While it’s poetic to defend LGBTQ rights by citing the Torah verse that says all humans were ‘created in God’s image,’ this verse doesn’t engage specifically with the issue at hand, says Ayalon Eliach. Other passages, however, do.
North Carolina recently passed a law forcing people to use bathrooms that correspond to their “biological sex,” which must be either male or female. Many U.S. government officials, including U.S. President Barack Obama and Attorney General Loretta Lynch, and celebrities, including Itzhak Perlman, Bruce Springsteen, and Ringo Starr, have publicly opposed the law because it discriminates against transgender and gender-nonconforming people, who may not fit into a male-female binary of gender or sexual identity.
Jewish leaders have also voiced their opposition to the law. In an open letter, more than 40 rabbis from North Carolina condemned it, saying, “The Torah teaches that all human beings are created in the image of God and imbued with infinite value. In that spirit, we declare that our state should, under no circumstance, desecrate the holiness and dignity of any citizen”
While their rejection of the law is welcome – and surely appreciated not only by the LGBTQ community but also by many progressive Jews who support their rights – the sole biblical source these rabbis cite to justify their position is problematic.
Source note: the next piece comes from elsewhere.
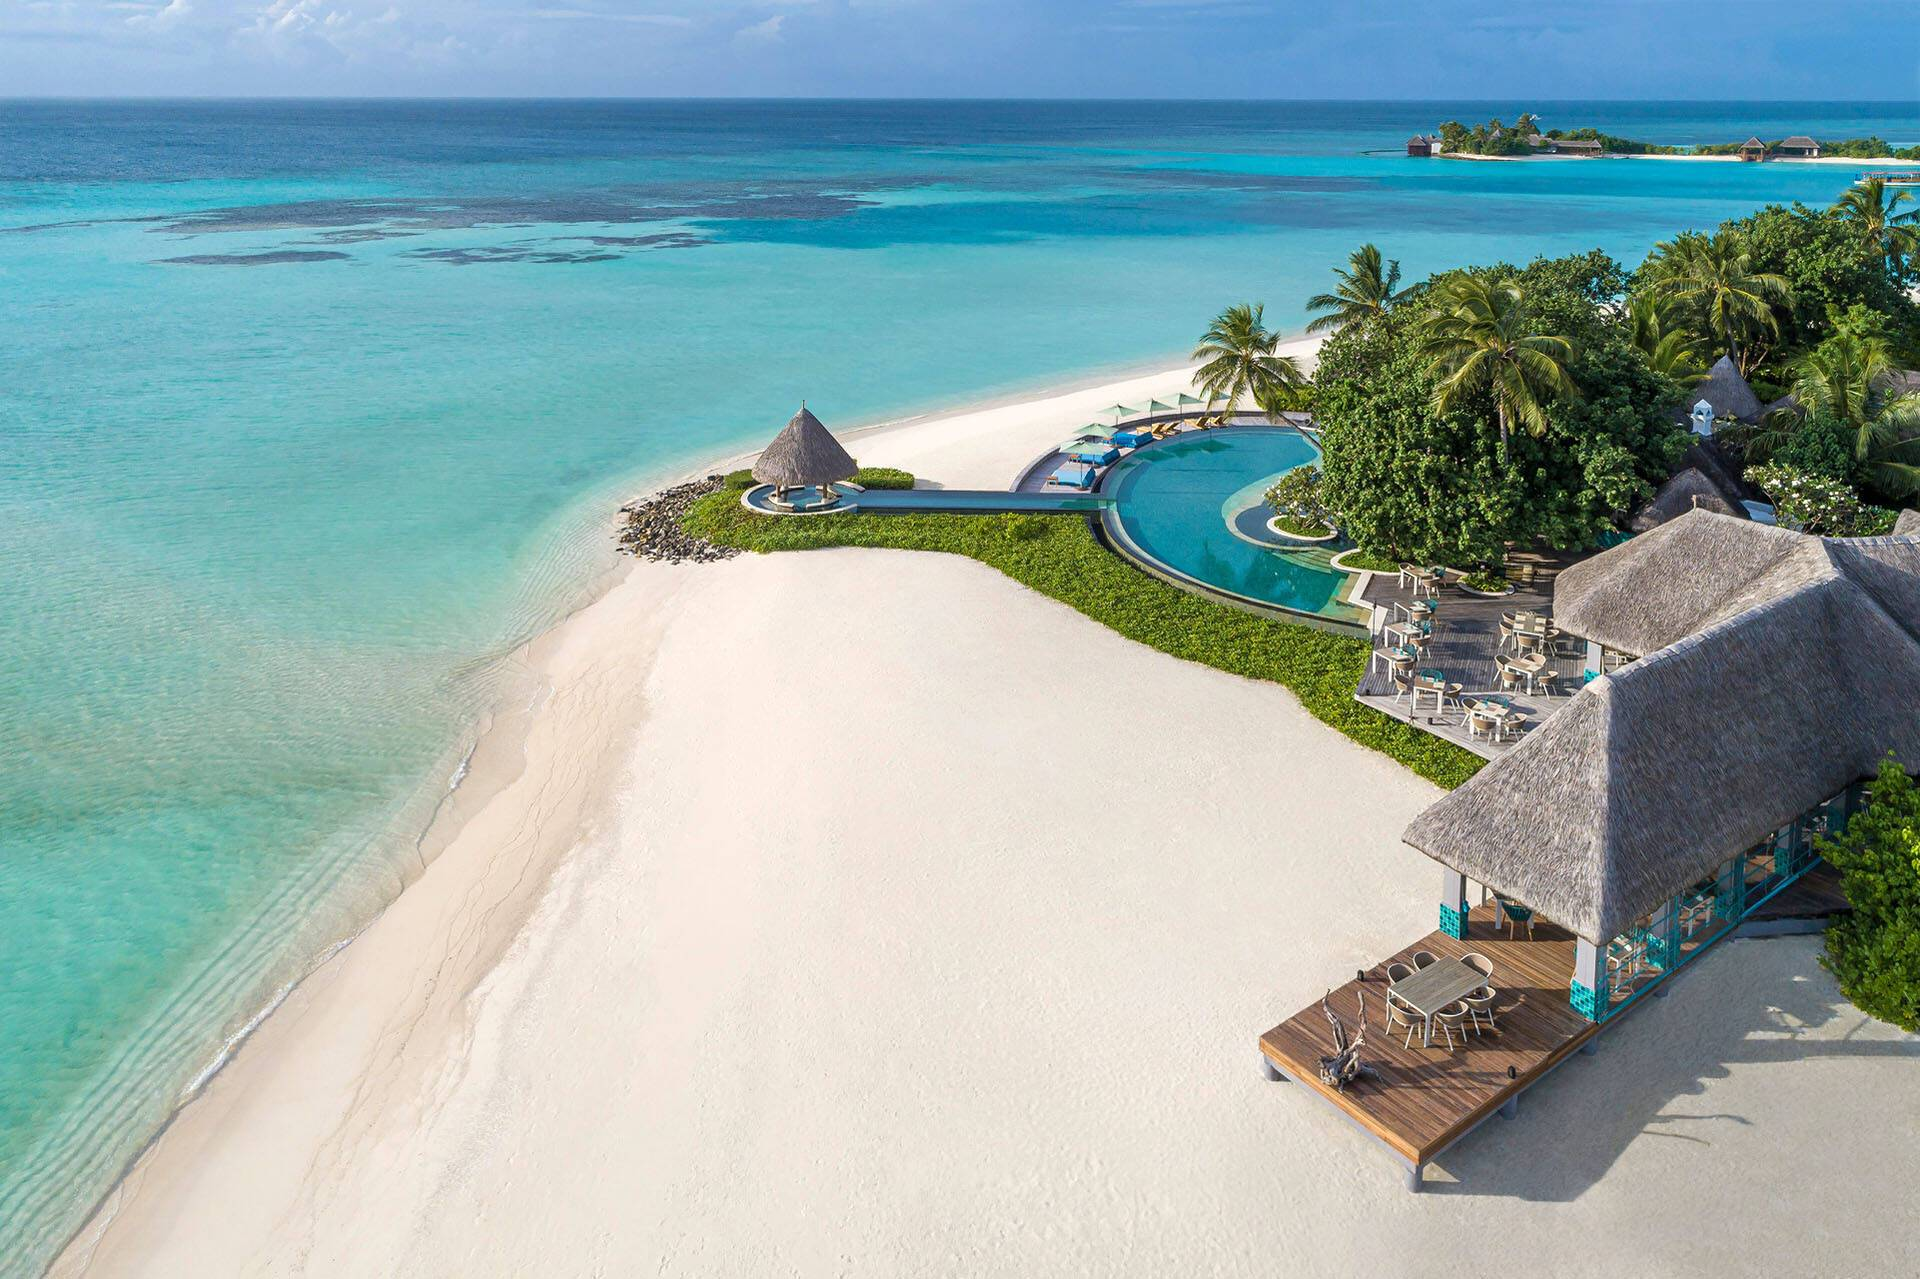 Four Seasons Kuda Huraa Maldives Plage

Not least because this exact same verse is used by proponents of the law, albeit in a slightly different way.
The Torah verse the letter refers to is the first half of Genesis 1:27, which states: “So God created humankind in God’s image, in the image of God, God created humankind…” In isolation, these words support the position that people should be treated with respect regardless of their gender presentation, or any other characteristics (rabbis have cited the verse’s assertion that people are created in the “image of God” to support many progressive causes ranging from universal human rights to marriage equality).